J’aborde aujourd’hui un nouvel auteur… Un nouvel auteur qui n’est pas si nouveau que ça, un auteur qui s’est choisi comme pseudo un acronyme. Pour savoir à quoi il correspond (je parle de l’acronyme), on peut aller du côté du dictionnaire du même nom qui nous propose vingt-deux correspondances possibles pour ces trois lettres. Cela ne suffit donc pas pour arrêter son choix sur ce que cet auteur a voulu évoquer. On peut trouver la réponse un peu partout, en cherchant bien, et elle correspond à l’une des propositions faites par le dictionnaire évoqué plus haut, une correspondance cinématographique, puisque D.O.A. fait référence au film noir de Rudolph Maté de 1950, avec, entre autres, Edmund O’Brien, Pamela Britton et Luther Adler. Un film noir qui est une référence évoquée sur Wikipédia (il y a un article en français mais celui en anglais est plus complet), sur IMDB et téléchargeable gratuitement, puisque tombé dans le domaine public (d’après ce que j’ai compris), sur Internet Archive. Après ça, vous ne pourrez pas dire que vous ne savez pas de quoi il s’agit. Ce film a d’ailleurs tellement marqué que, comme souvent chez les anglo-saxons, il a fait l’objet de nouvelles versions, Color me dead de Eddie Davis en 1969 en Autralie et D.O.A. de Annabel Jenkel et Ricky Morton en 1988 aux Etats-Unis et même une comédie musicale en 2011… Bref, tout ça pour dire, que D.O.A. signifie en l’occurrence “Dead on arrival” (“Mort à l’arrivée”), terme employé quand le médecin-légiste arrivé sur le lieu d’un accident ou d’un crime constate la mort de la victime.

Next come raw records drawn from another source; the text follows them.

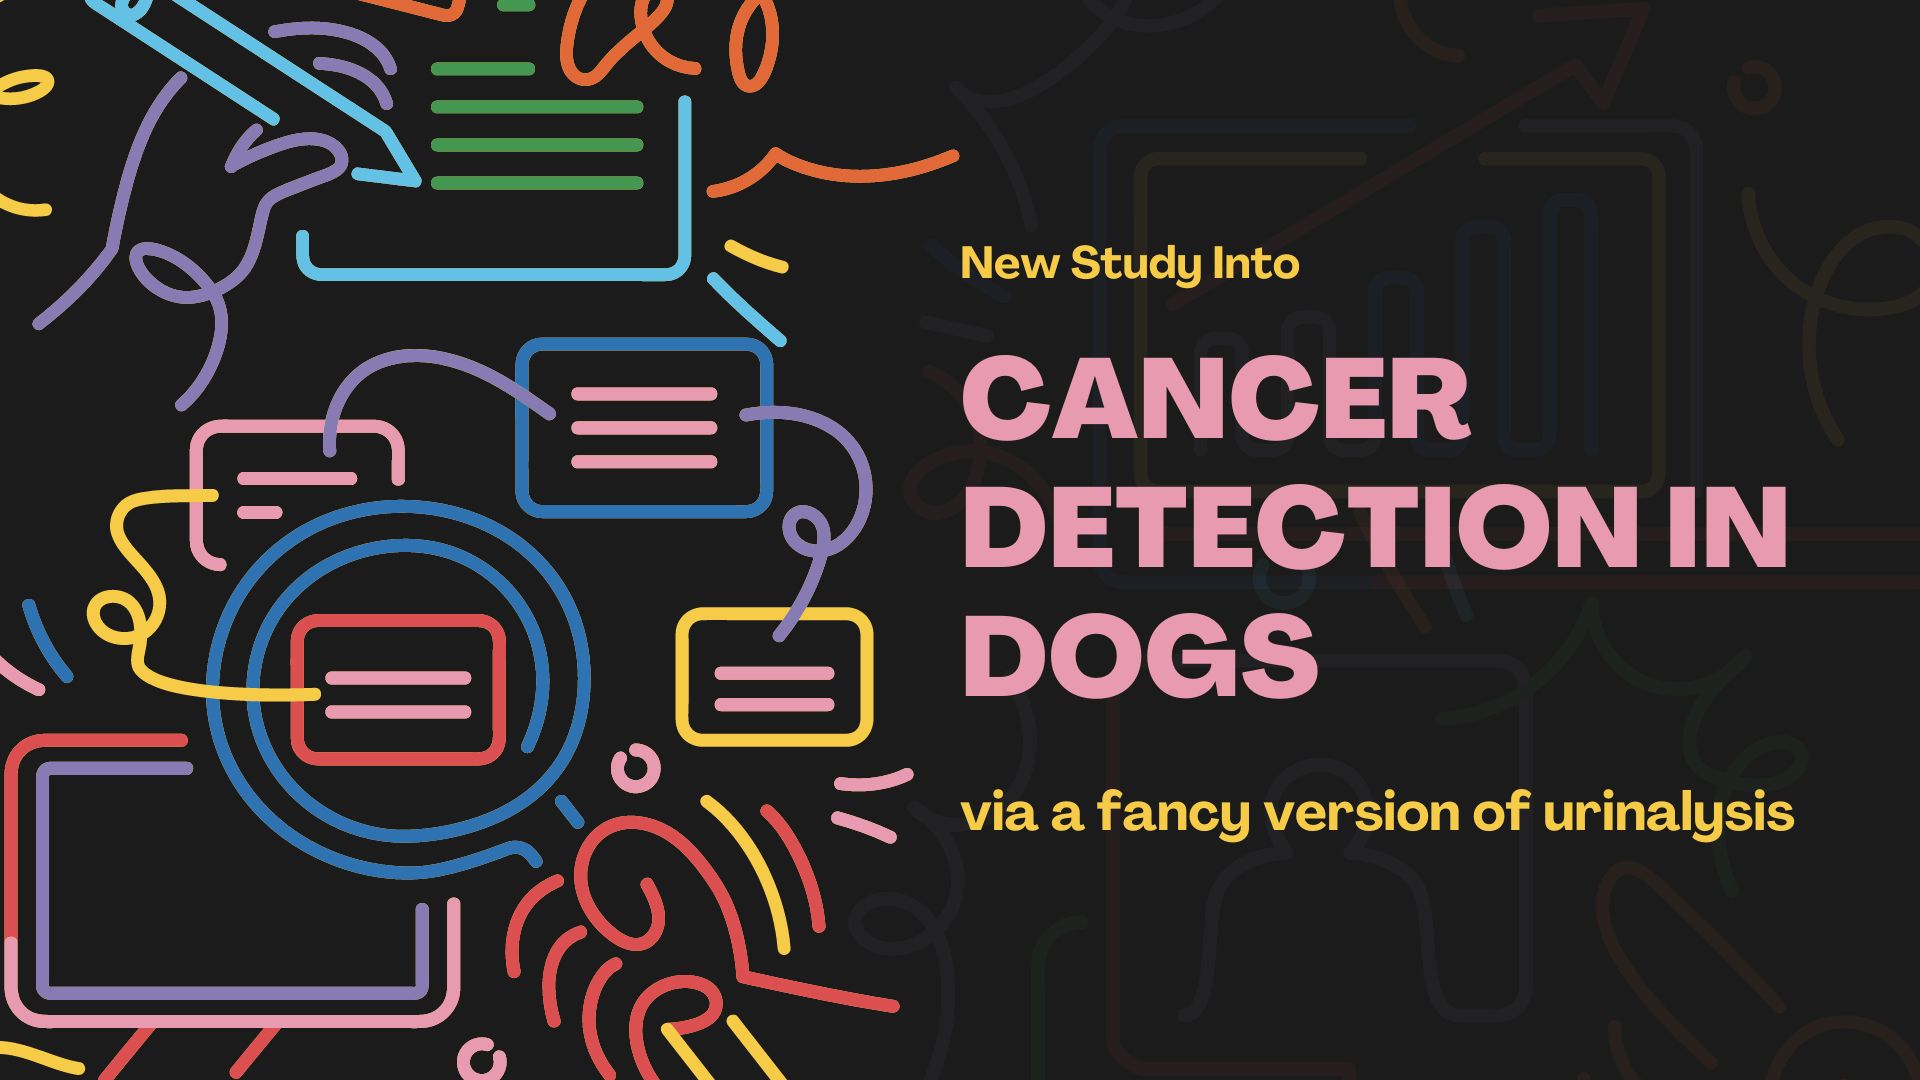 detecting dog cancers main graphic ... says new study into cancer detection in dogs, via a fancy version of urinalysis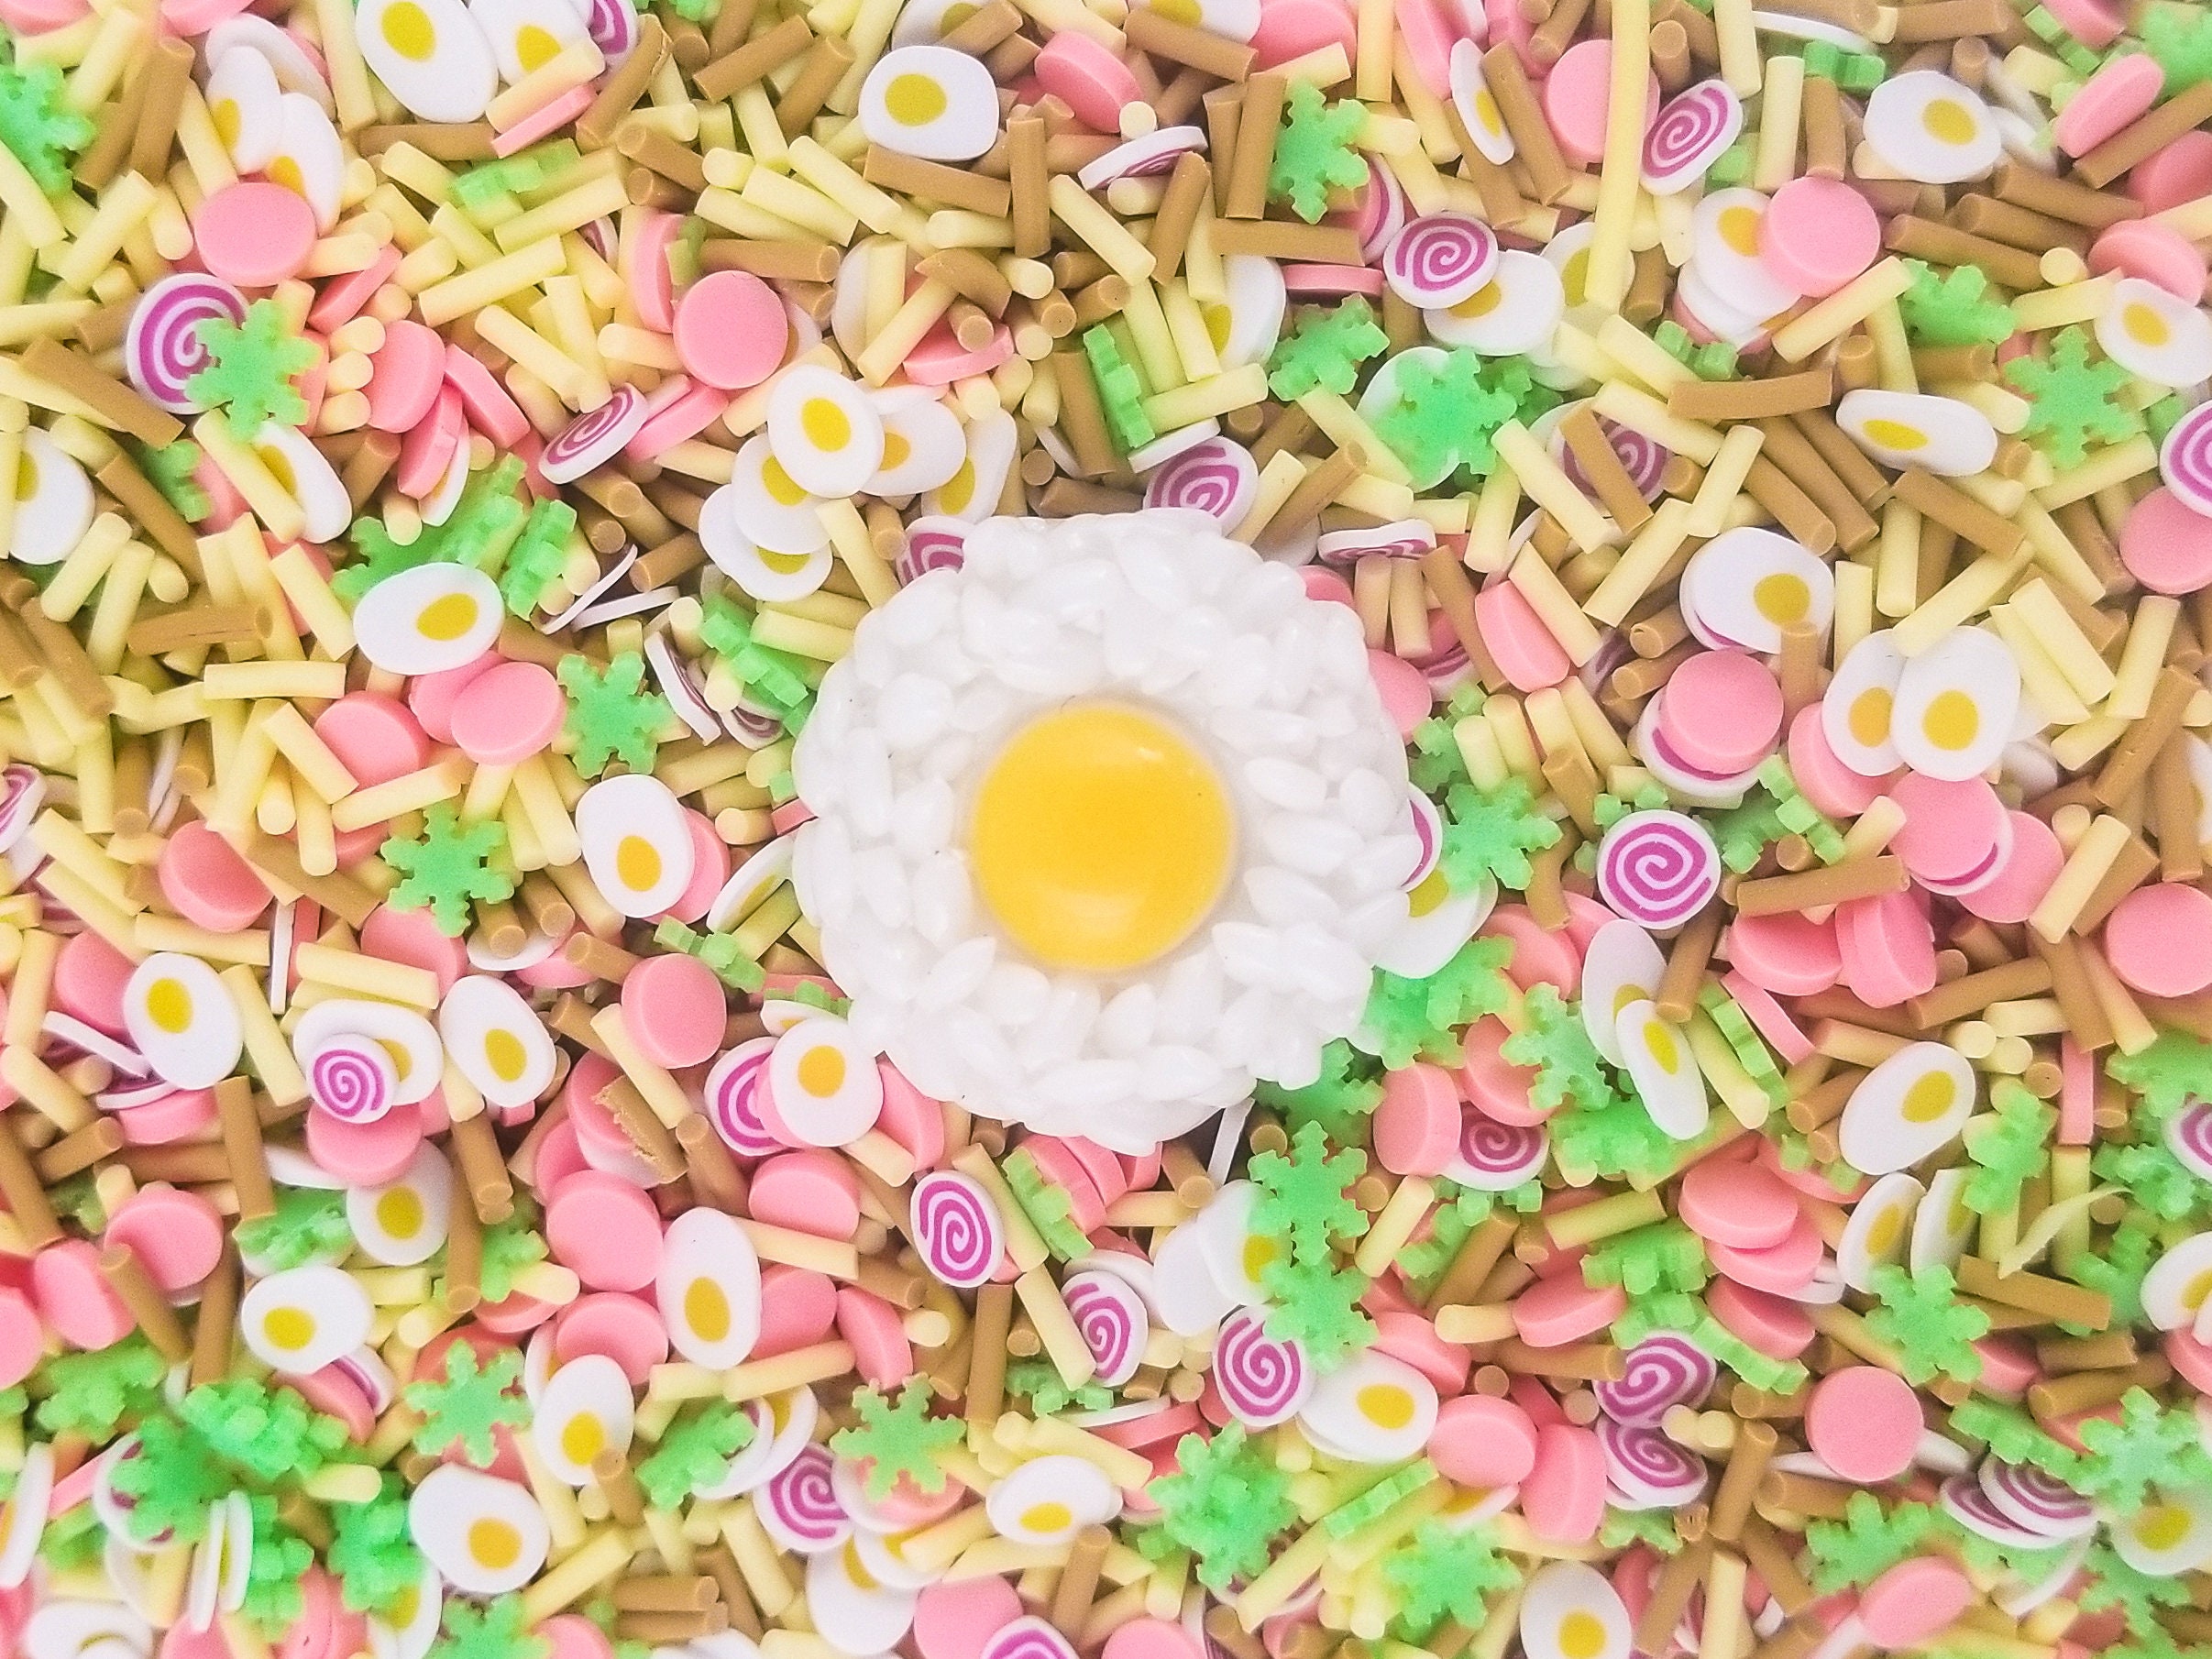 Ramen Noodle Time Sprinkle Mix With 1 Egg & Rice Cab, Polymer Clay Fake Sprinkles, Decoden Funfetti Jimmies E217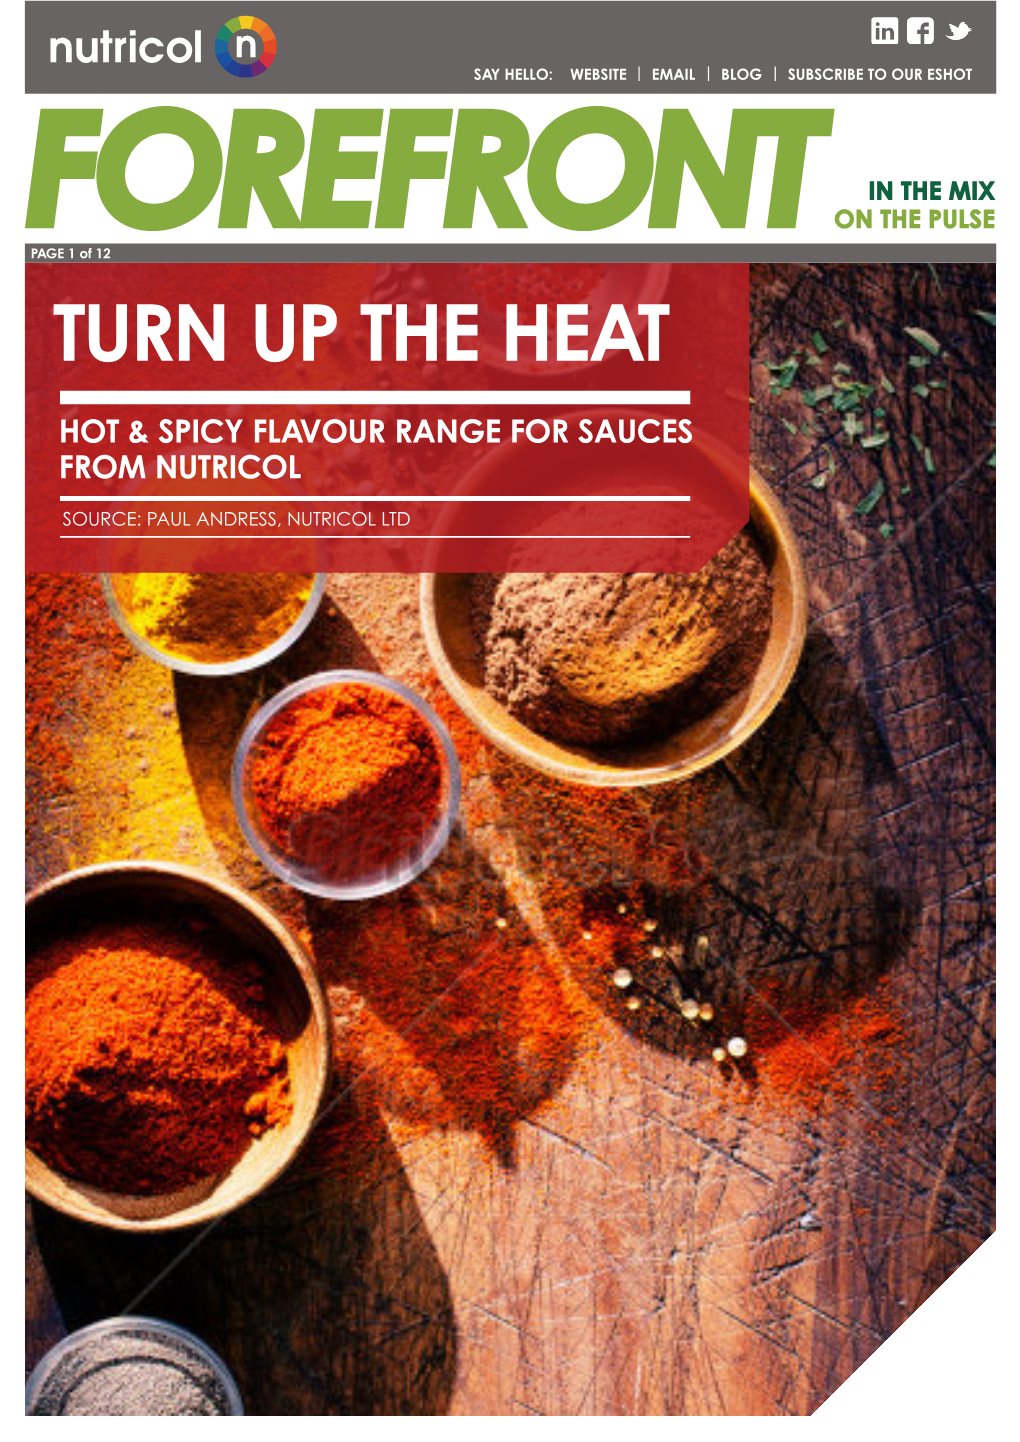 Turn up the Heat Hot & Spicy Flavour Range for Sauces From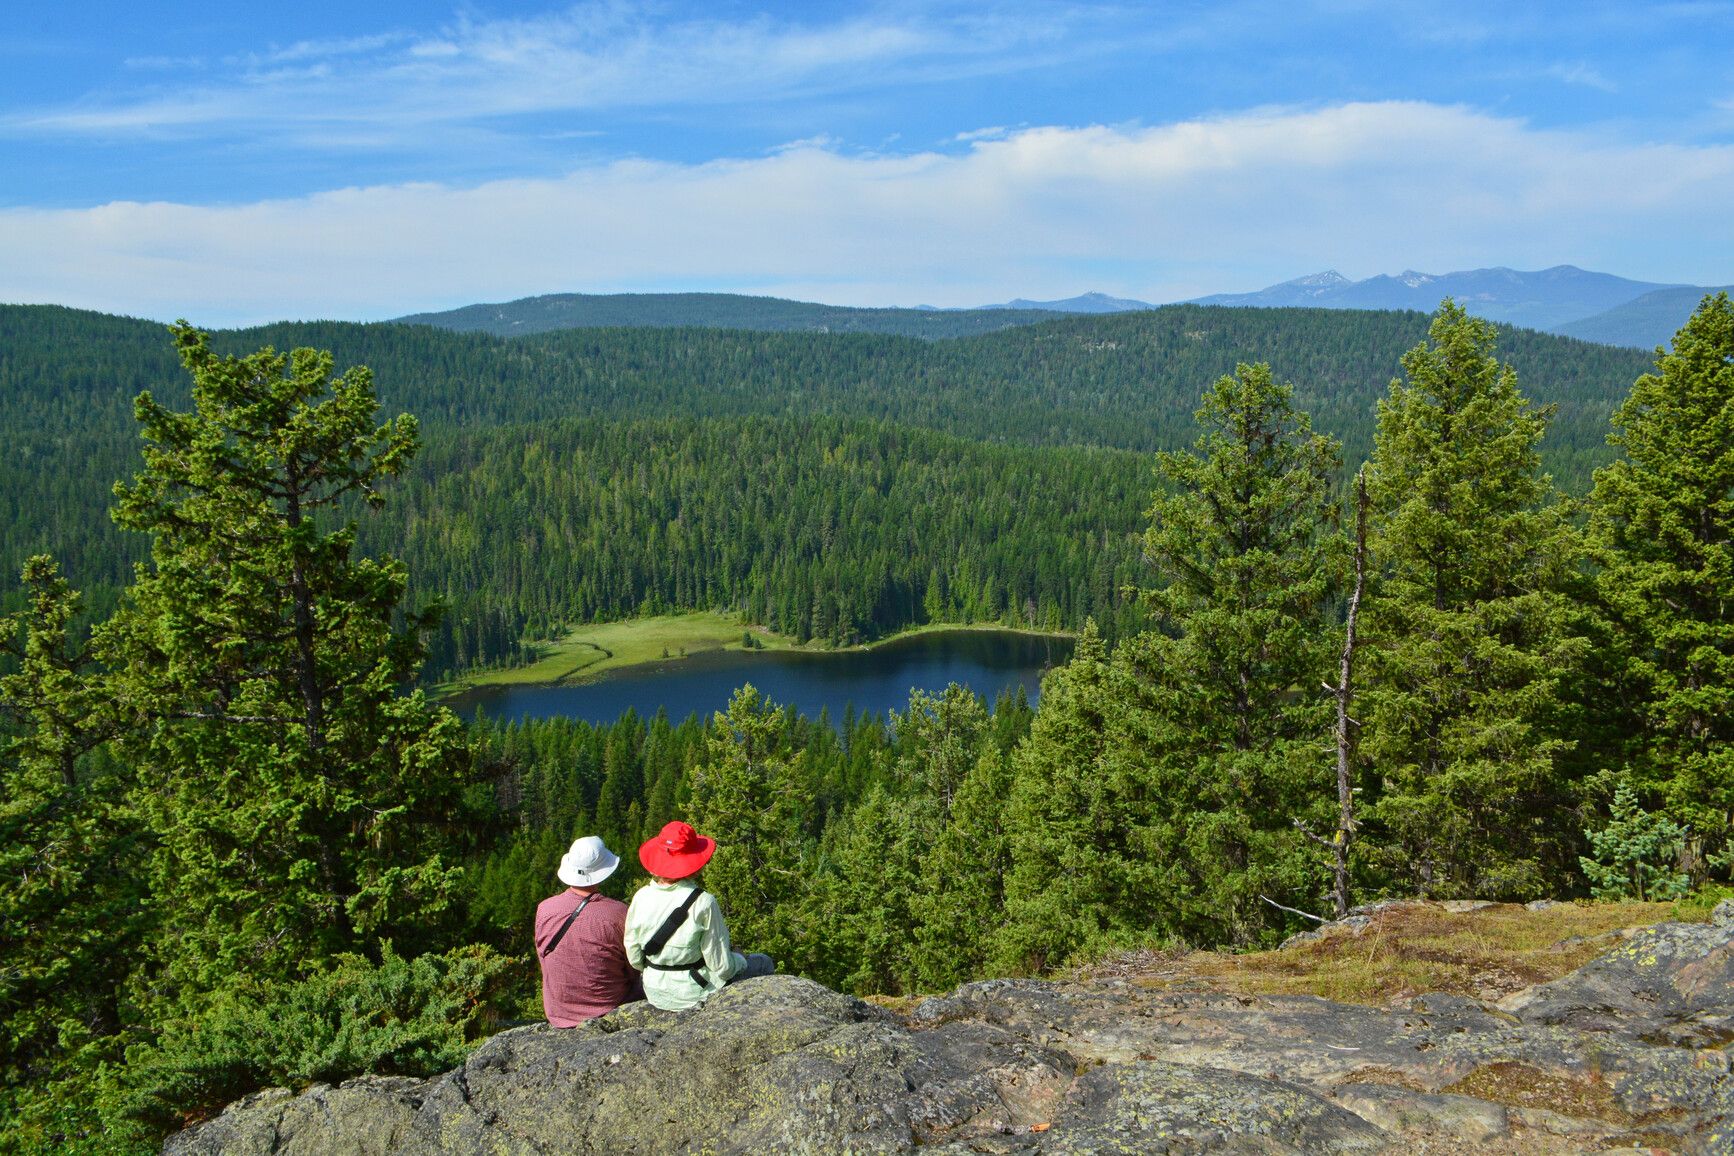 Check out the stunning view of Champion Lakes and the mountains from the mountain top.

D.O.A., l’auteur, a donc choisi un pseudonyme fleurant bon le film noir ou le polar pour écrire ses romans…

Par le pseudo, il semblerait que l’on cerne un peu mieux l’auteur, ou plutôt le genre dans lequel il se situe même si se situer dans un genre n’est certainement pas l’objectif d’un écrivain, il cherche avant tout à écrire ce qui le tente, à conter des histoires qui lui plaisent. Pour connaître un peu mieux le monsieur, bien qu’il souhaite en se choisissant un autre nom à mettre avant tout en avant ses romans, il y a quelques sites sur la toile, quelques pages vers lesquelles vous pouvez vous tournez. A l’occasion de sa venue en 2010, Toulouse Polar du Sud reprend, comme beaucoup, la présentation, courte, qui apparaît au dos de ses bouquins. Pour une autre présentation rapide, il est possible d’aller du côté de la fameuse encyclopédie collaborative. Pour l’anecdote, une tentative de thème astral a été commise sur le romancier.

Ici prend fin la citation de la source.